Ils causèrent ainsi jusqu’à ce qu’il se fît tard ; et alors Lionel retourna à son logement, et Mutio à sa maison, couvrant tous ses chagrins d’une contenance joyeuse, et bien résolu à se venger pleinement, le lendemain, des deux coupables. Le docteur passa la nuit aussi patiemment qu’il put, et, le jour suivant, après dîner, il partit, guettant le moment convenu. À quatre heures précises Lionel arriva et fut accueilli avec toute courtoisie par Margaretta ; mais à peine s’étaient-ils embrassés que la servante cria à sa maîtresse que son maître était à la porte, car celui-ci s’était hâté, sachant qu’une corne n’est pas longue à greffer. Margaretta fut tout effarée de cette alerte ; pour parer au danger, elle fourra Lionel dans un panier rempli de plumes et s’assit à son ouvrage. Sur ce Mutio arriva tout soufflant ; et, feignant d’être venu en hâte pour chercher quelque chose, il demanda les clefs de ses chambres, regarda partout, fouilla tous les coins de la maison, visita le cabinet même, et, n’ayant rien pu découvrir, ne dit rien. Mais, alléguant un malaise, il resta à la maison, si bien que le pauvre Lionel fut obligé de rester dans le panier jusqu’à ce que le vieux ladre fût couché avec sa femme ; et alors la servante le fit sortir par une porte de derrière, et il s’en revint au logis la puce à l’oreille.

Le lendemain, il vint de nouveau à la rencontre du docteur, qu’il trouva à sa promenade accoutumée.

— Quelles nouvelles, dit Mutio ? Avez-vous réussi ?

— La peste du vieux coquin ! dit Lionel. À peine étais-je entré et avais-je donné un baiser à ma maîtresse que cet âne de jaloux était à la porte ; la servante l’a aperçu et a crié : Mon maître ! Si bien que la pauvre dame fut réduite, unique expédient, à me mettre dans un panier à plumes qui était dans une vieille chambre, et je dus rester là jusqu’au moment où il se mit au lit et s’endormit ; et alors la servante me délivra, et je partis. Mais n’importe ; ce n’est qu’un contre-temps, et j’espère avant peu avoir pris ma revanche sur lui.

— Comment ? dit Mutio.

— Morbleu, fit Lionel, ainsi : elle m’a fait prévenir aujourd’hui par sa servante que, jeudi prochain, le vieux rustre soupe avec un patient à un mille de Pise, et alors je m’engage à lui faire tout payer.

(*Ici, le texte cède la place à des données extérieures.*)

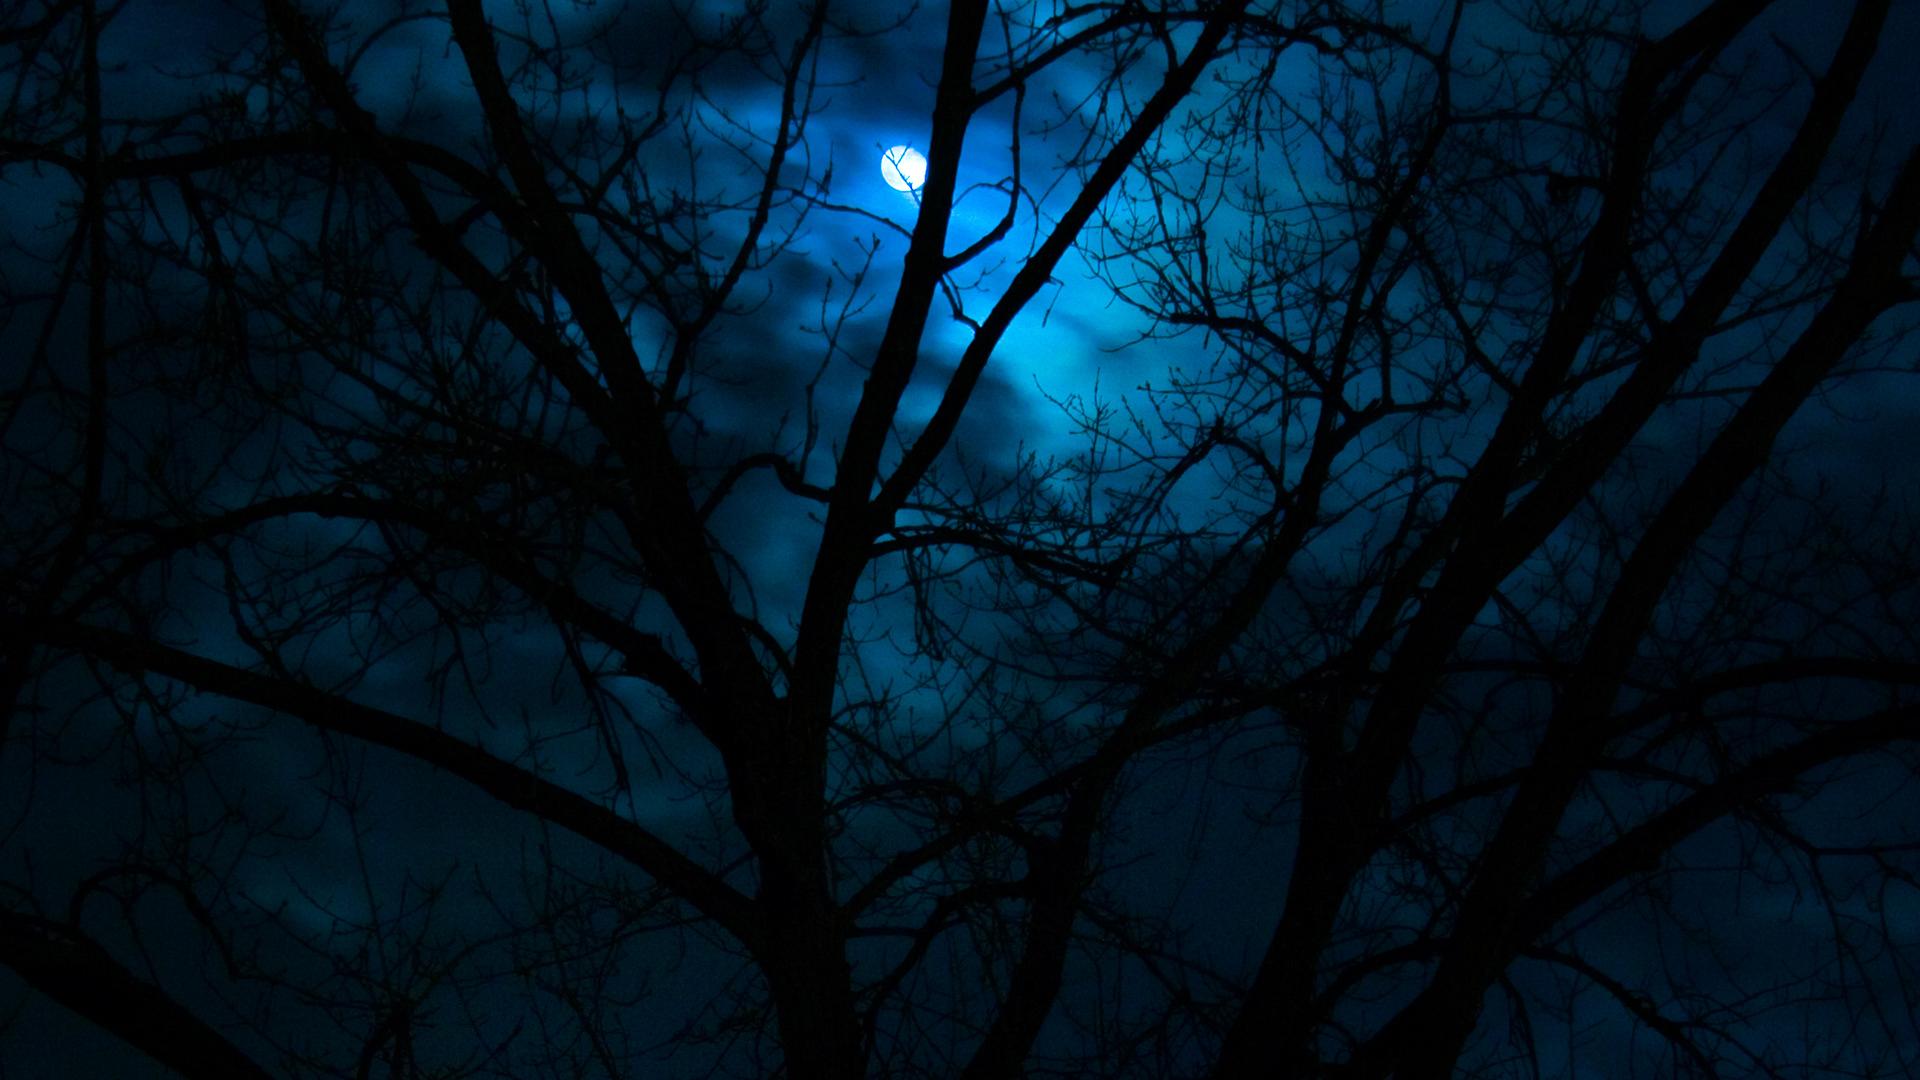 Beautiful Dark Scenery Moon In Forest 1920x1080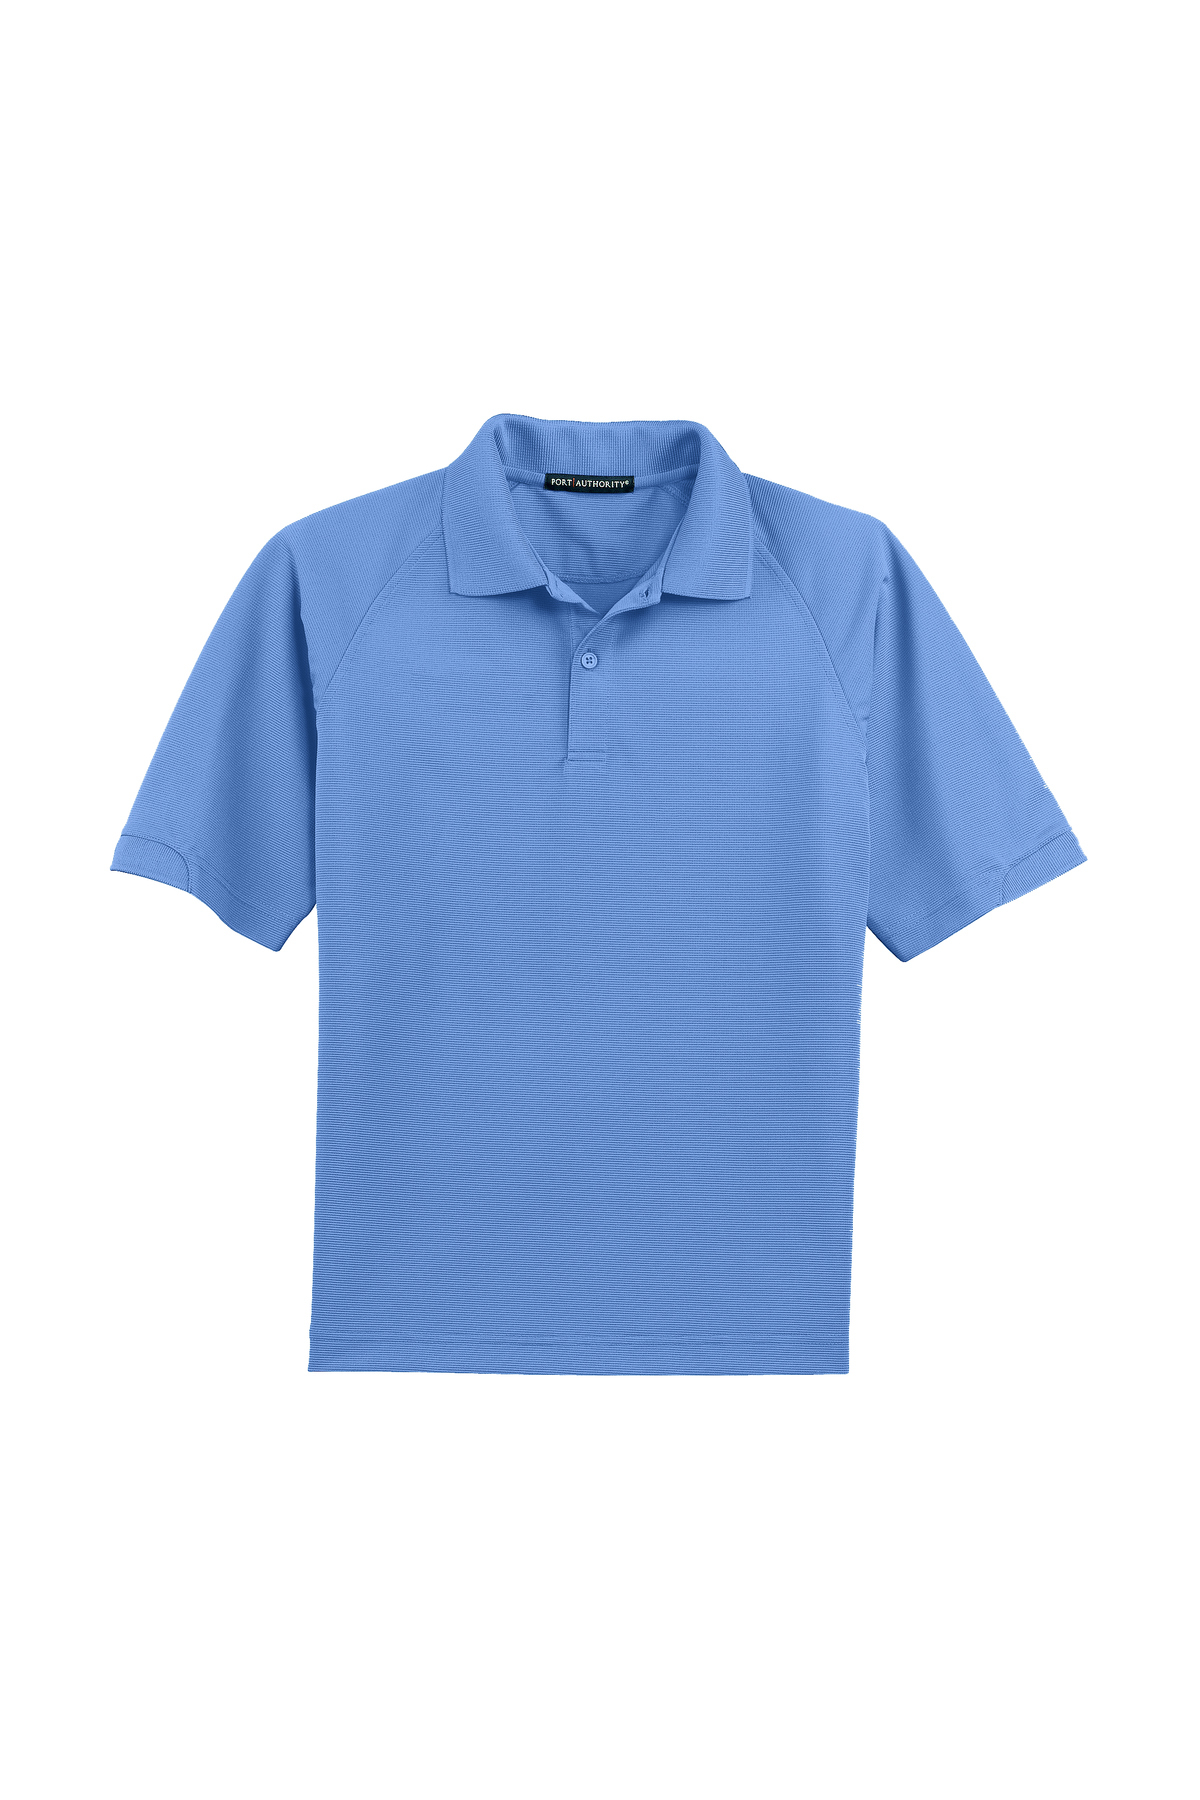 Port Authority Dry Zone Ottoman Sport Shirts

— C’est bon, dit Mutio, que la fortune vous soit propice.

— Merci, fit Lionel.

Et ainsi, après avoir échangé encore quelques paroles, ils se séparèrent.

Bref, le jeudi arriva ; vers les six heures Mutio sortit, et s’arrêta à la maison d’un ami d’où il pouvait apercevoir tous ceux qui entraient chez lui. Il y vit bientôt entrer Lionel, et courut après lui ; à peine celui-ci avait-il eu le temps de s’asseoir que la servante cria de nouveau : « Voilà mon maître ! » L’excellente épouse, qui d’avance avait pris ses précautions contre les surprises, avait découvert un retrait caché entre les deux cloisons d’un plancher ; elle y fourre Lionel, et le mari arrive tout en sueur.

— Mon ami, dit-elle, qu’est-ce donc qui vous ramène si vite à la maison ?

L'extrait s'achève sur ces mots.